I am 46 now, and I would like to tell you something beautifully true: the older you get, the less you care. But even as I type these words, I am unsure quite what I mean by them. Is it that it no longer matters to me whether I wear makeup when I leave the house? Or that I think it inconsequential whether people have plastic surgeries or take The Substance? Perhaps both. Perhaps what I am trying to say is simply that I see now what I really am: that I have become at last a creature, with creature needs.
‘It wasn’t the £60 serum that stung the most – it was the teenage girls queueing up for it’
Kate McCusker
If you spend the first part of your life trying to look older (in my case, a push-up bra from Victoria’s Secret and many ill-advised attempts at contouring), and the rest of it trying to look younger, you suddenly find yourself with one foot on each side of the divide. Which is to say that at the tender age of 27, I caved and bought a retinol serum because a saleswoman in an upmarket cosmetics chain was benignly mean to me.
What did I mean, I didn’t use one, she said incredulously, while I stared at my shoes to communicate my deep shame and acknowledge my inadequacy. Your future self will thank you for it, she told me, as she tied the ribbon on a bag that was gargantuan compared with the serum itself. I left the shop feeling fleeced and a little dazed – like a lab rat that has just shocked itself and is resigned to the sad fact that it will continue doing so for the rest of its exhausting life.

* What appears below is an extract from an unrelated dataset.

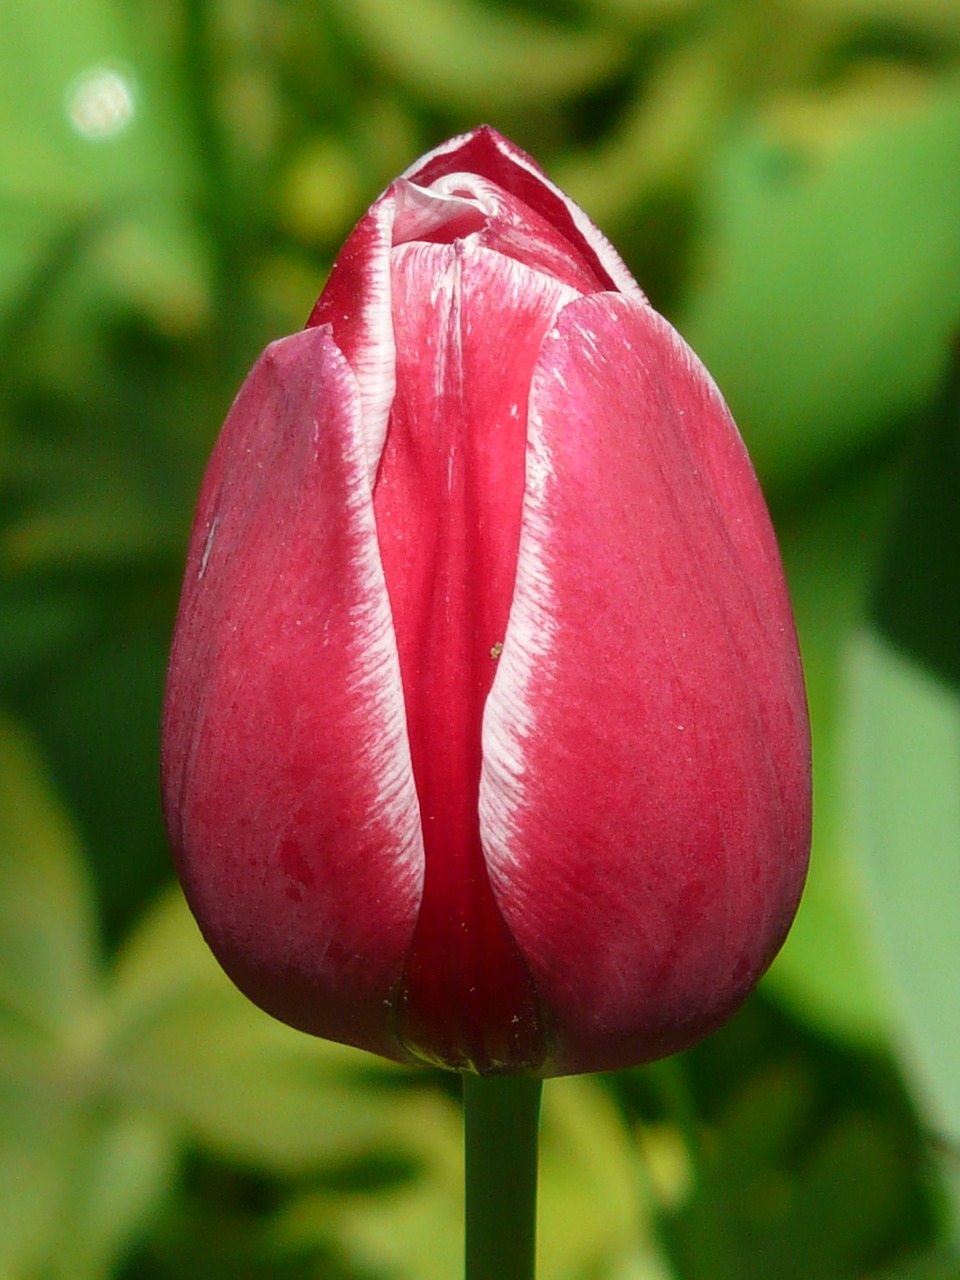 tulips red white free photo

Being lightly bullied into buying things I can’t afford isn’t an unusual occurrence for me. Recently I went to the dentist for a cleaning and emerged with a page-long smile makeover treatment plan and an accompanying £200-a-month finance package. I’ll sleep on it, I told the dentist, and then lost an entire evening trying to work out how I was going to pay for this thing I’d convinced myself I might die without. Maybe I could pawn a ring my mother had given me – the only valuable piece of jewellery I owned. Maybe I could take part in some sort of medical trial. Maybe, my partner tactfully suggested, I could go to therapy.
It wasn’t the £60 serum that stung the most. (And it stings so much it brings tears to my eyes, which is probably why I’ve used it a grand total of four times.) No, it was the presence in the queue behind me of three teenage girls, still in school uniform, holding products from the same cultish brand that I’d just been chided into buying. Of course, I’d heard of this new strain of teenager: ones who implicitly knew that overplucking their eyebrows and wearing blue mascara were bad ideas. And I’d seen their TikTok videos, in which they sent up the heavy drag-queen makeup trends of my own adolescence and expounded on the virtues of “clean beauty” – which involves herculean efforts to apply makeup in a way that looks like you aren’t wearing any. But seeing them in the flesh, gripping bottles of overpriced gunk like they were Charlie Bucket’s golden ticket, I felt like crying for all of us – gullible little idiots that we were. Then I saw one of them extract a black Amex from her school blazer pocket and felt like the only schmuck in the room.
Would I take The Substance? Probably not, given that it would make me – what? 13? No amount of retinol money could make me relive the brute years of teenage girlhood. Would I take a little pill that made me look like Demi Moore, though? Most definitely – which means I’ve probably missed the whole point.